I look up, not understanding.
“Don’t know how to explain this,” he says, “but people who come to Maine want a summer that’s … life-changing, transformational. I mean, if you go to Disney, you expect fun. And if you go to Vegas, you expect …” He fishes.
“Escape?” I offer.
“Right! I was going to say money, but it’s more. It’s escaping your own dull life for a while—usually by doing something incredibly foolish.”
He bounces up from where he’s squatting, combing his hair behind his ears, which for some reason makes my knees wobble. “But people who come to Maine want to … to live big,” he says. “To be awestruck, to—”
Fall in love, I think, and feel myself blush.
“Embrace it,” he says. “Make it theirs.”
Yeah. Like I said.
“Supplies on the way!” Carly holds one handle of a pot of splashing water. Dominic holds the other and, with his free hand, waves what must be butter and matches in the air. He’s grinning from ear to ear.
Harrison watches Carly as she glides toward us and then looks at me as if to say, See? She is the leap, the dive, the soar. She’s summer.
Chapter 12
Okay, I may be inexperienced, but I’ve made it my goal to remember how all my guests like their eggs prepared. Mrs. Barnes? Poached on toast. The shoe girls (whose names are Justine and Maggie) like sunny-side down (Cheffie’s specialty—he turns the stove off right after the flip). Mr. Winston likes scrambled, Mrs. Winston prefers soft-boiled with a runny yolk, and the four little ones never eat eggs. Never.

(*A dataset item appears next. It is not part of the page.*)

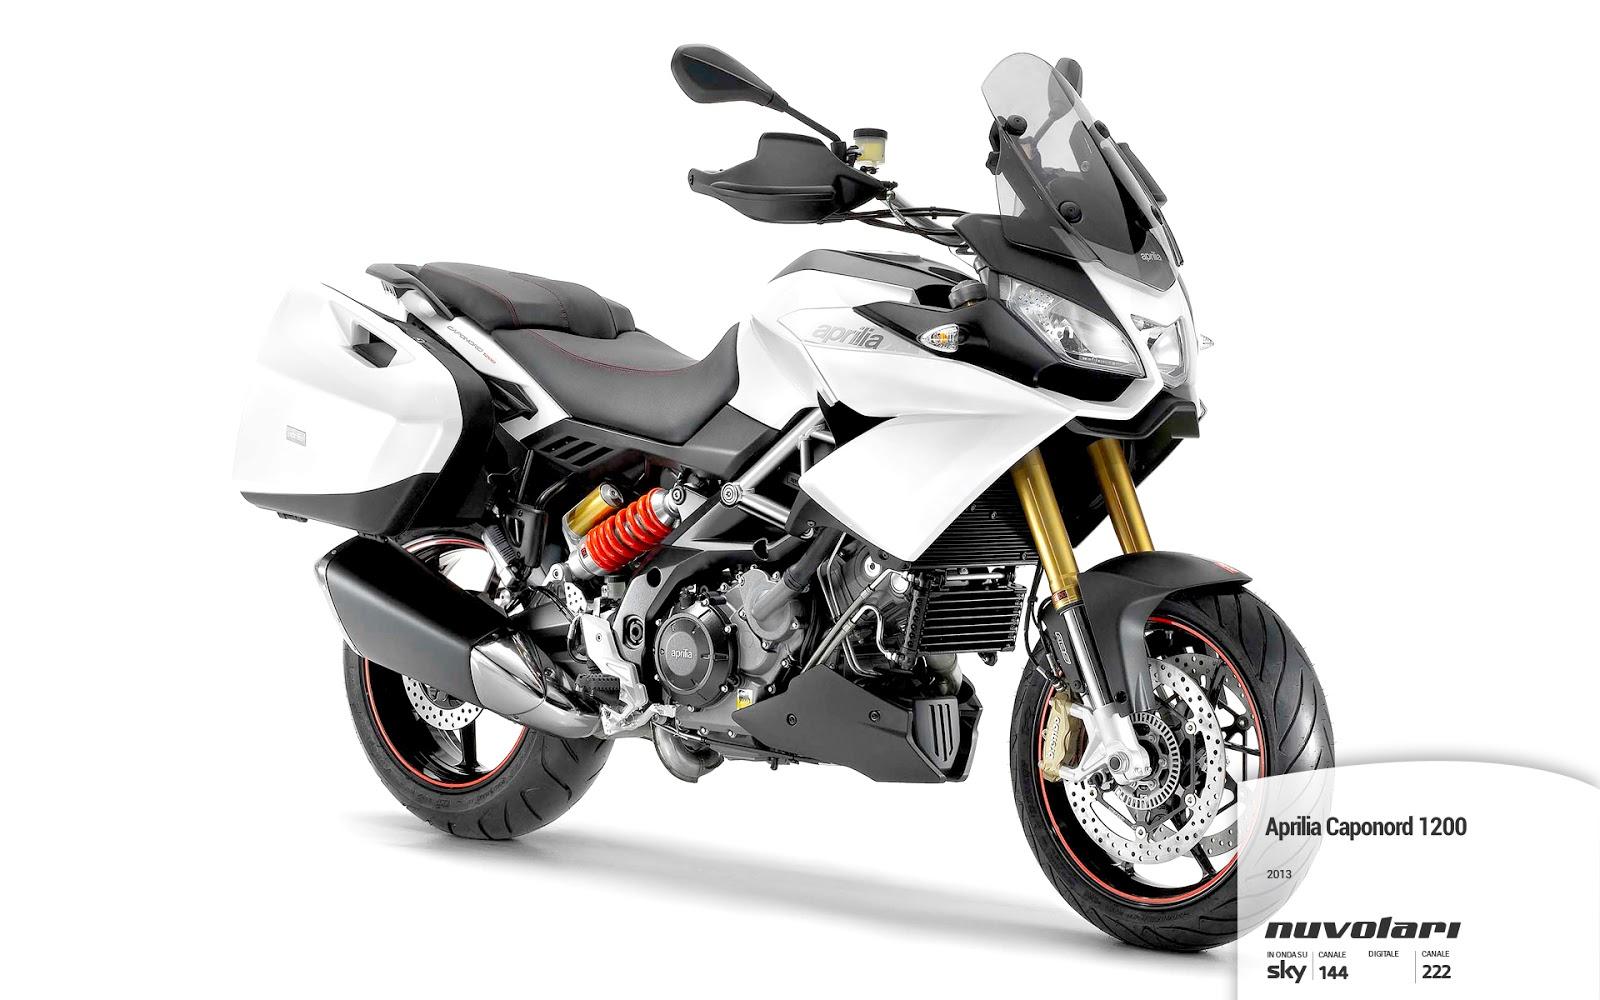 aprilia caponord 1200 2013 bike special. Black Bedroom Furniture Sets. Home Design Ideas

After the last of my guests leave, I quickly refill the salt and pepper shakers on my tables, make sure any stains are covered with fresh nappies, and race up to the barn. Just as the dining room procedures have not changed in the last one hundred years, neither has the waitresses’ routine. We wake and serve breakfast until nine. Then we change into bathing suits and go down to the ocean docks to read, listen to tunes, gossip, and sleep (always sleep). It isn’t the ocean beach I had imagined—in truth, the “beach” is a rocky shoreline leading to mudflats at low tide—but it is sea and sun. Around eleven thirty we head to the barn, throw on our uniforms, and serve lunch. After lunch it’s back into bikinis, but we follow the sun to the lake beach. Here we read, listen to tunes, gossip, and try to ignore the little kids who do everything to get the attention of their waitresses, until dinnertime.